9.16.       WAIVER OF JURY TRIAL.  EACH OF THE PARTIES HERETO HEREBY AGREES TO WAIVE ITS RESPECTIVE RIGHTS TO A JURY TRIAL OF ANY CLAIM OR CAUSE OF ACTION BASED UPON OR ARISING HEREUNDER OR UNDER ANY OF THE OTHER CREDIT DOCUMENTS OR ANY DEALINGS BETWEEN THEM RELATING TO THE SUBJECT MATTER OF THIS LOAN TRANSACTION OR THE LENDER/THE BORROWER RELATIONSHIP THAT IS BEING ESTABLISHED.  THE SCOPE OF THIS WAIVER IS INTENDED TO BE ALL-ENCOMPASSING OF ANY AND ALL DISPUTES THAT MAY BE FILED IN ANY COURT AND THAT RELATE TO THE SUBJECT MATTER OF THIS TRANSACTION, INCLUDING CONTRACT CLAIMS, TORT CLAIMS, BREACH OF DUTY CLAIMS AND ALL OTHER COMMON LAW AND STATUTORY CLAIMS.  EACH PARTY HERETO ACKNOWLEDGES THAT THIS WAIVER IS A MATERIAL INDUCEMENT TO ENTER INTO A BUSINESS RELATIONSHIP, THAT EACH HAS ALREADY RELIED ON THIS WAIVER IN ENTERING INTO THIS AGREEMENT, AND THAT EACH WILL CONTINUE TO RELY ON THIS WAIVER IN ITS RELATED FUTURE DEALINGS.  EACH PARTY HERETO FURTHER WARRANTS AND REPRESENTS THAT IT HAS REVIEWED THIS WAIVER WITH ITS LEGAL COUNSEL AND THAT IT KNOWINGLY AND VOLUNTARILY WAIVES ITS JURY TRIAL RIGHTS FOLLOWING CONSULTATION WITH LEGAL COUNSEL.  THIS WAIVER IS IRREVOCABLE, MEANING THAT IT MAY NOT BE MODIFIED EITHER ORALLY OR IN WRITING (OTHER THAN BY A MUTUAL WRITTEN WAIVER SPECIFICALLY REFERRING TO THIS SECTION 9.16 AND EXECUTED BY EACH OF THE PARTIES HERETO), AND THIS WAIVER SHALL APPLY TO ANY SUBSEQUENT AMENDMENTS, RENEWALS, SUPPLEMENTS OR MODIFICATIONS HERETO OR ANY OF THE OTHER CREDIT DOCUMENTS OR TO ANY OTHER DOCUMENTS OR AGREEMENTS RELATING TO THE LOANS MADE HEREUNDER.  IN THE EVENT OF LITIGATION, THIS AGREEMENT MAY BE FILED AS A WRITTEN CONSENT TO A TRIAL BY THE COURT.

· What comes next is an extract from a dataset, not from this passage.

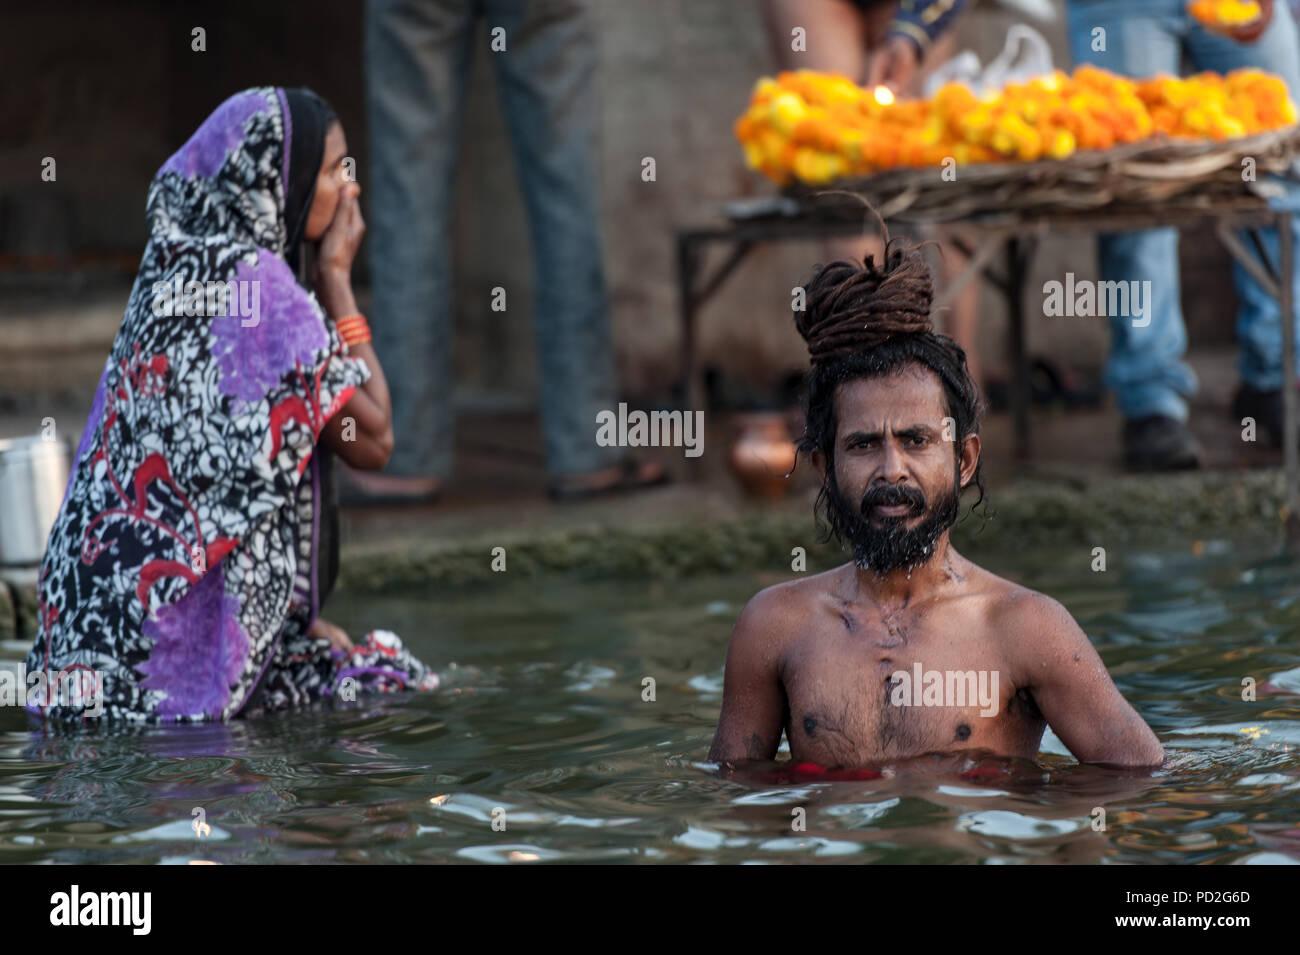 Persone si bagnano nelle acque del sacro Gange a Varanasi, Uttar Pradesh, India Immagini Stock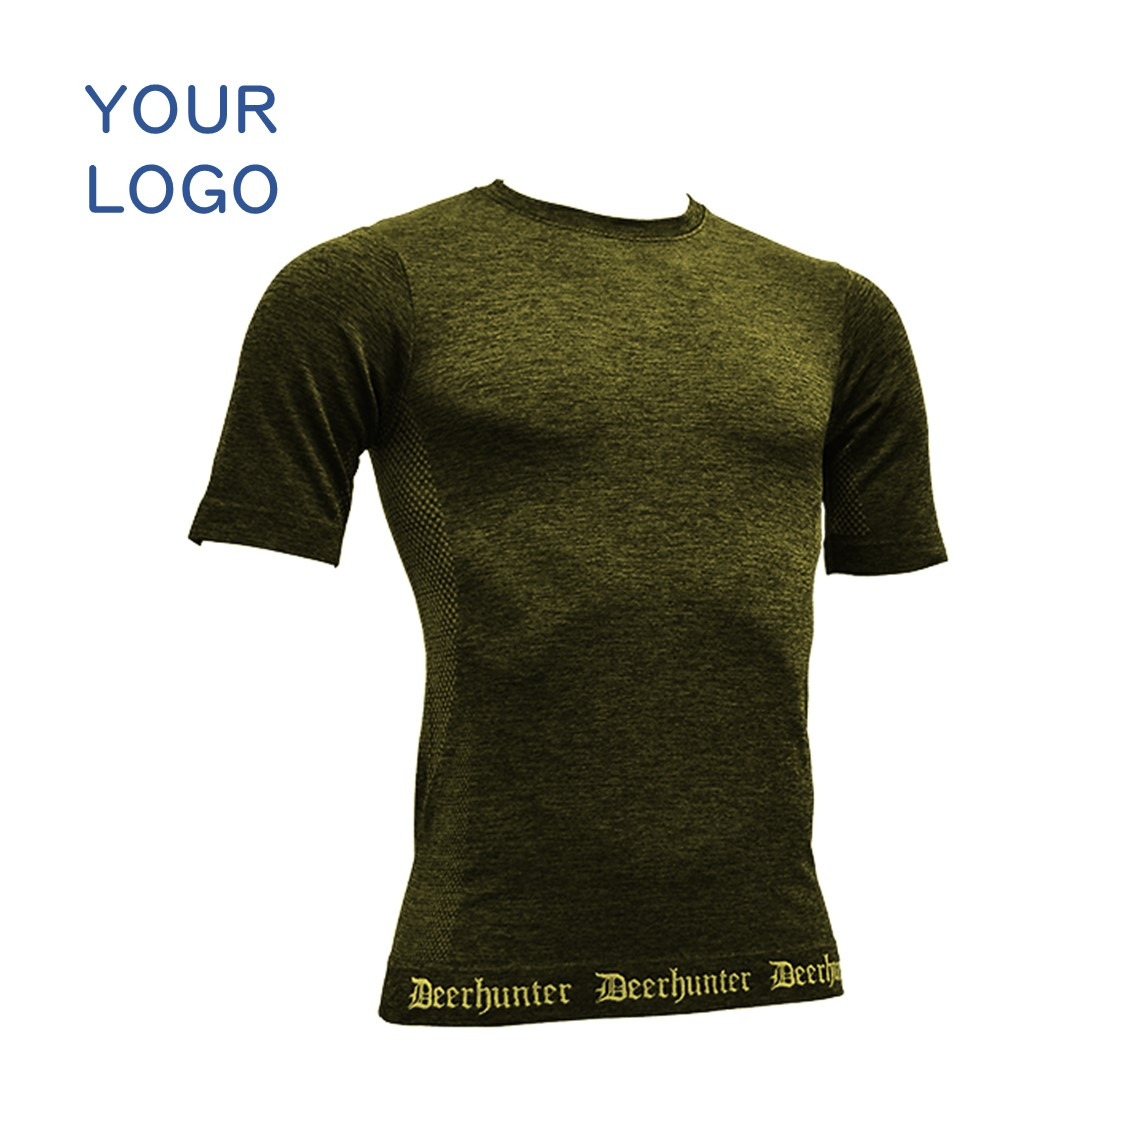 Custom sports wear men Merino Wool anti bacteria short sleeve t shirt

9.17        Confidentiality.  The Agent, each Arranger and each Lender shall hold all non-public information regarding the Borrower and its Subsidiaries and their businesses identified as such by the Borrower and obtained by such Lender pursuant to the requirements hereof in accordance with such Lender’s customary procedures for handling confidential information of  such nature, it being understood and agreed by the Borrower that, in any event, the Agent, each Arranger and each Lender may make (i) disclosures of such information to Affiliates of such Lender, such Arranger or the Agent and to their respective agents and advisors (and to other Persons authorized by a Lender, an Arranger or the Agent to organize, present or disseminate such information in connection with disclosures otherwise made in accordance with this Section 9.17), (ii) disclosures of such information reasonably required by any bona fide or potential assignee, transferee or participant in connection with the contemplated assignment, transfer or participation of any Loans or any participations therein or by any direct or indirect contractual counterparties (or the professional advisors thereto) to any swap or derivative

55




transaction relating to the Borrower and its obligations (provided, such assignees, transferees, participants, counterparties and advisors are advised of and agree to be bound by either the provisions of this Section 9.17 or other provisions at least as restrictive as this Section 9.17), (iii) disclosure to any rating agency when required by it, provided that, prior to any disclosure, such rating agency shall undertake in writing to preserve the confidentiality of any confidential information relating to the Borrower received by it from the Agent, any Arrangers or any Lender, and (iv) disclosures required or requested by any governmental agency or representative thereof or by the NAIC or pursuant to legal or judicial process; provided, unless specifically prohibited by applicable law or court order, each Lender, each Arranger and the Agent shall make reasonable efforts to notify the Borrower of any request by any governmental agency or representative thereof (other than any such request in connection with any examination of the financial condition or other routine examination of such Lender by such governmental agency) for disclosure of any such non-public information prior to disclosure of such information.  In addition, the Agent, each Arranger and each Lender may disclose the existence of this Agreement and the information about this Agreement to market data collectors, similar services providers to the lending industry, and service providers to the Agent, the Arrangers and the Lenders in connection with the administration and management of this Agreement and the other Credit Documents.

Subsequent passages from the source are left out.